Good evening folks!
The databases I'm responsible for contain a lot of data and I find myself frequently needing to resort to boring stuff like raw row fetching to create large reports or otherwise handle a lot of data. But sometimes, even that isn't enough - an array of ten million items is difficult for any application to handle, even though the ten million objects are just NSDictionaries/raw rows. Besides - working with raw rows is no fun. I'm spoiled by years of EOF-y goodness.
So, yesterday I wrote the attached class to handle massive amounts of data. It is by no means perfect - if you have a table of ten million rows, the primary keys for these rows are all fetched from the DB, creating quite an array (if anyone has a solution for that, I'd *love* to hear it).

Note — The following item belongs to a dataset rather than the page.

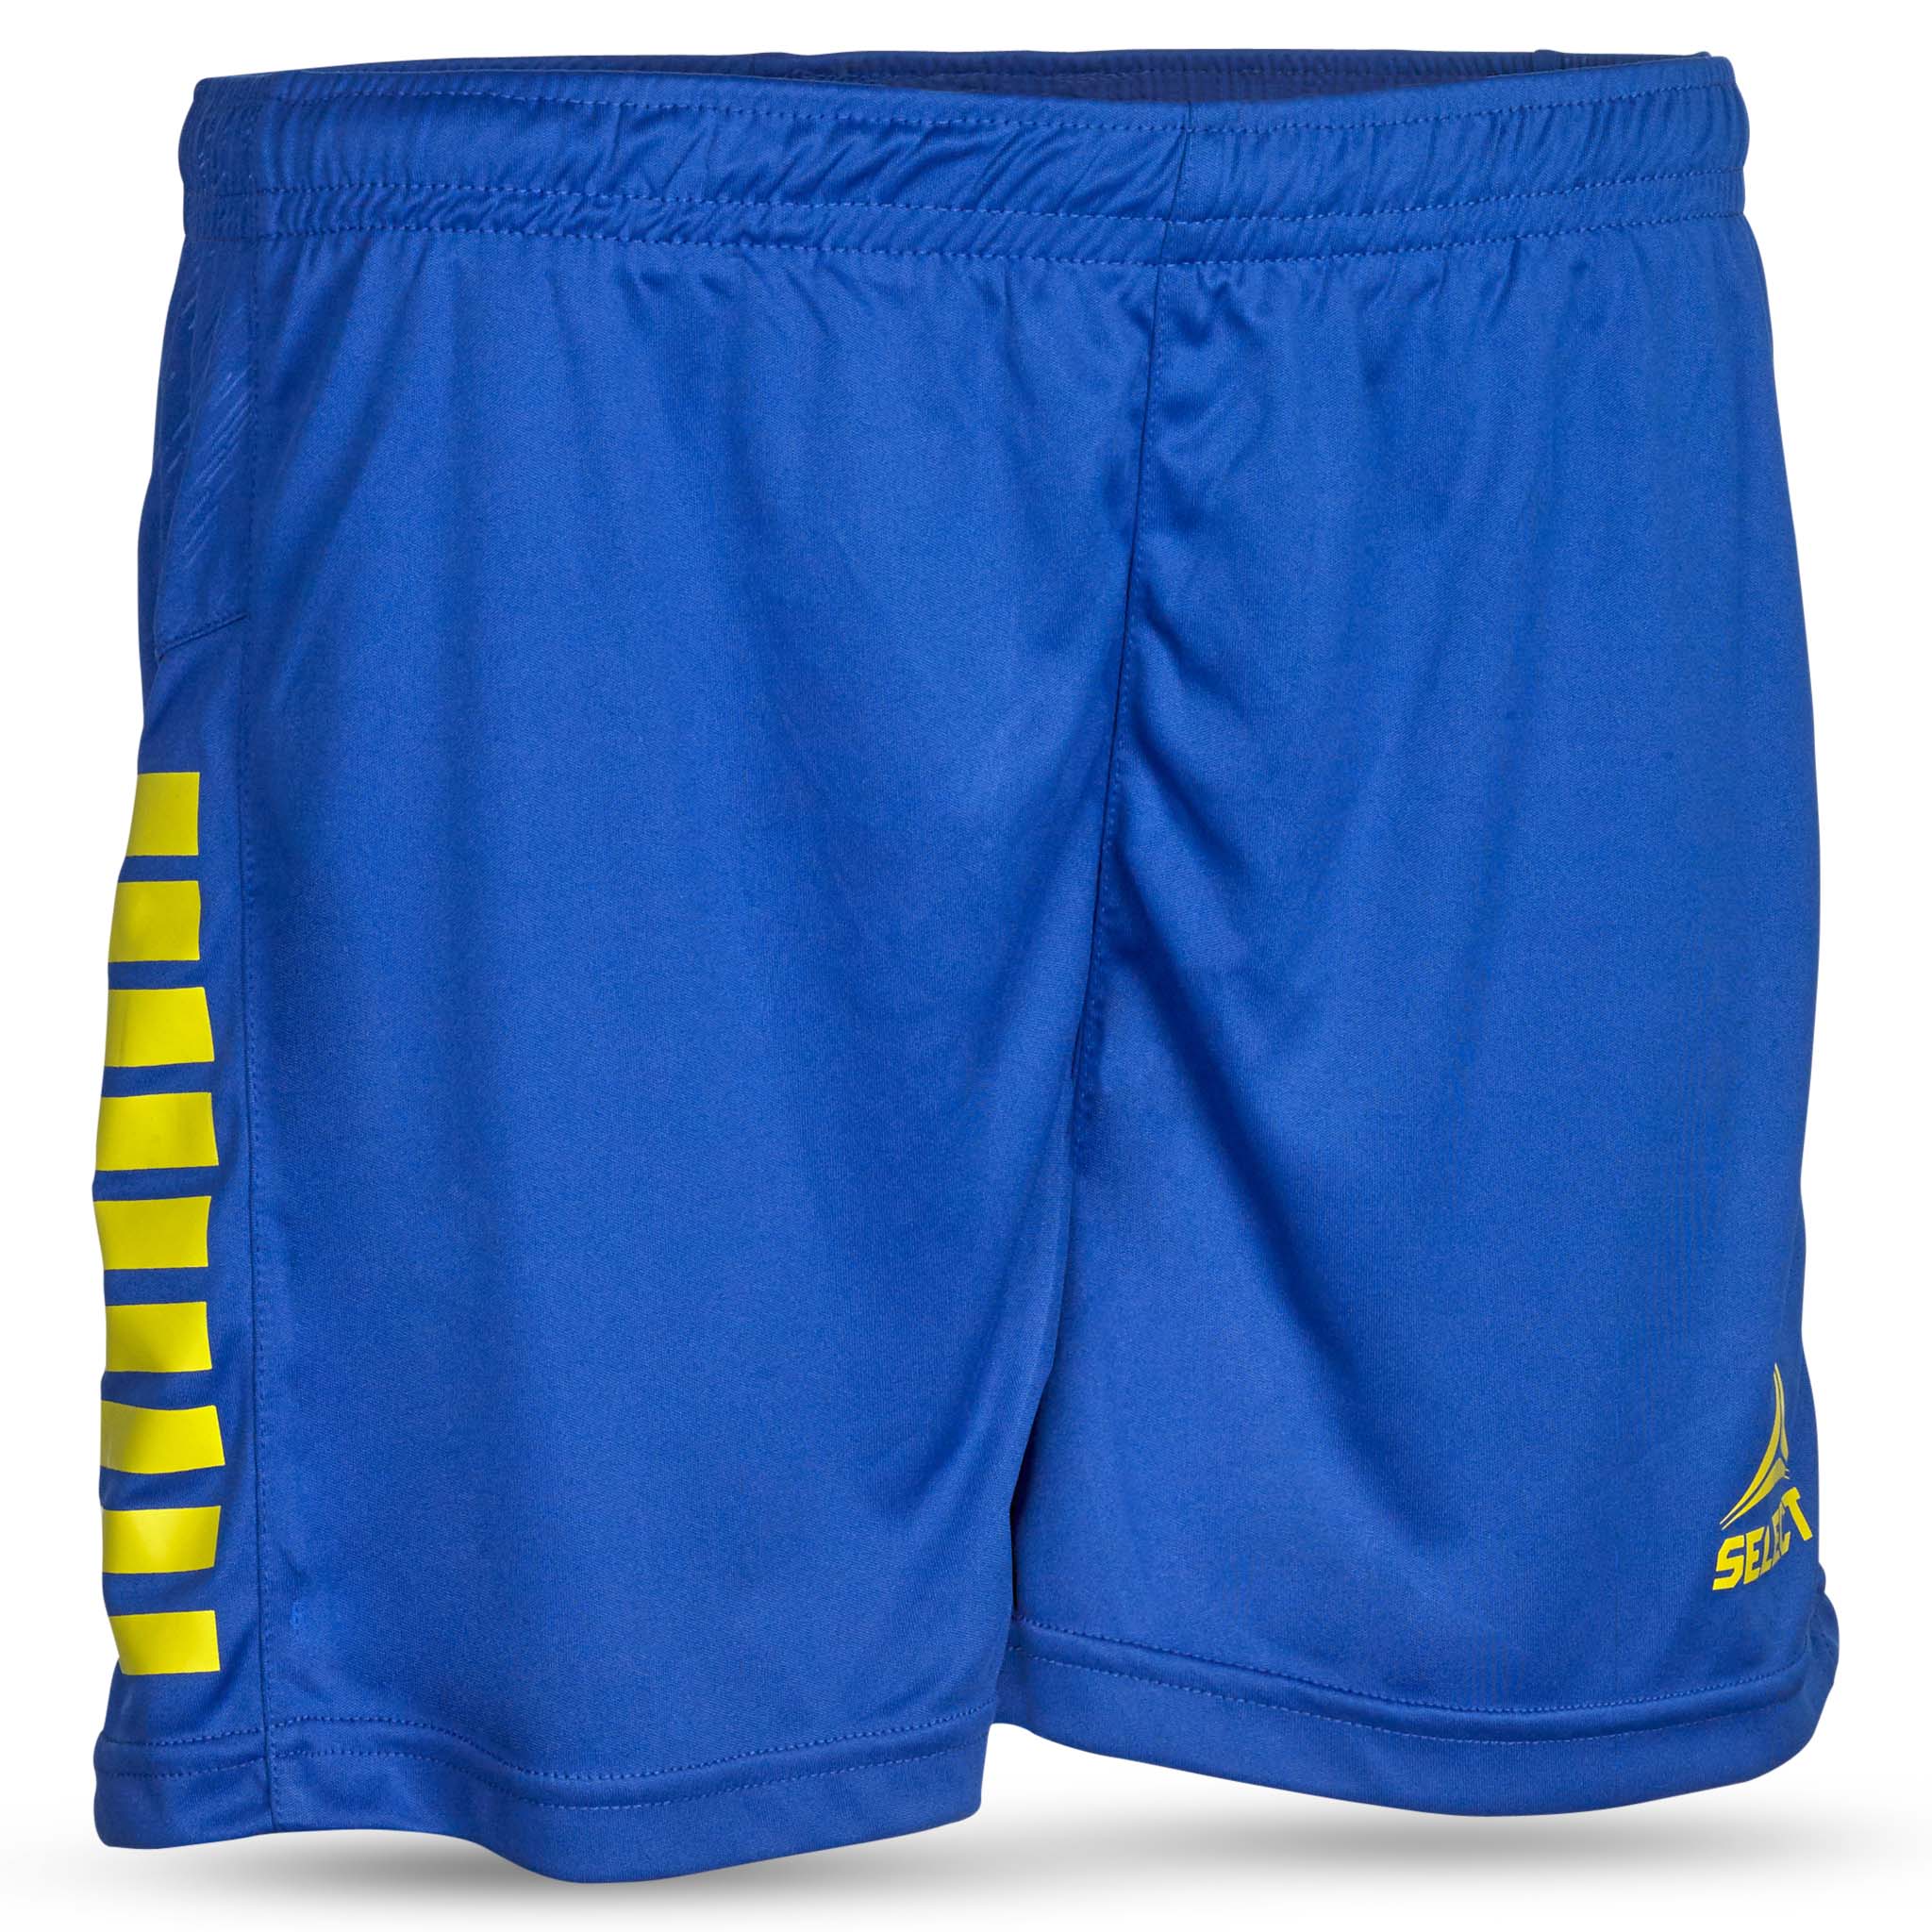 Spain Shorts - kvinner #farge_blå/gul

It exports an entire table of roughly 2.000.000 rows from a 10 column DB table (creating a 500MB text file) in roughly four minutes on my MacBook Pro using a heap size of 400M. And this is an example of how you use it (the implementation of KMExportOperation is left as an exercise ;-):
public WOActionResults batchFetchAction() { EOEditingContext ec = ERXEC.newEditingContext(); KMMassiveOperation.Operation operation = new KMExportOperation( "/tmp/exported.csv", "\t", "\n", "UTF-8" ); KMMassiveOperation.start( ec, SomeEntity.class, null, null, operation ); return new WOResponse(); }
Anyway, I would love to hear how other folks are handling huge datasets. I would love fedback on the technique I'm using, and ieas for improvement would be great. Just about the only idea I'm not open to is "just use JDBC" ;-). I've been there and I don't want to be there. That's why I'm using EOF :-).
Cheers, - Hugi
// Hugi Thordarson
|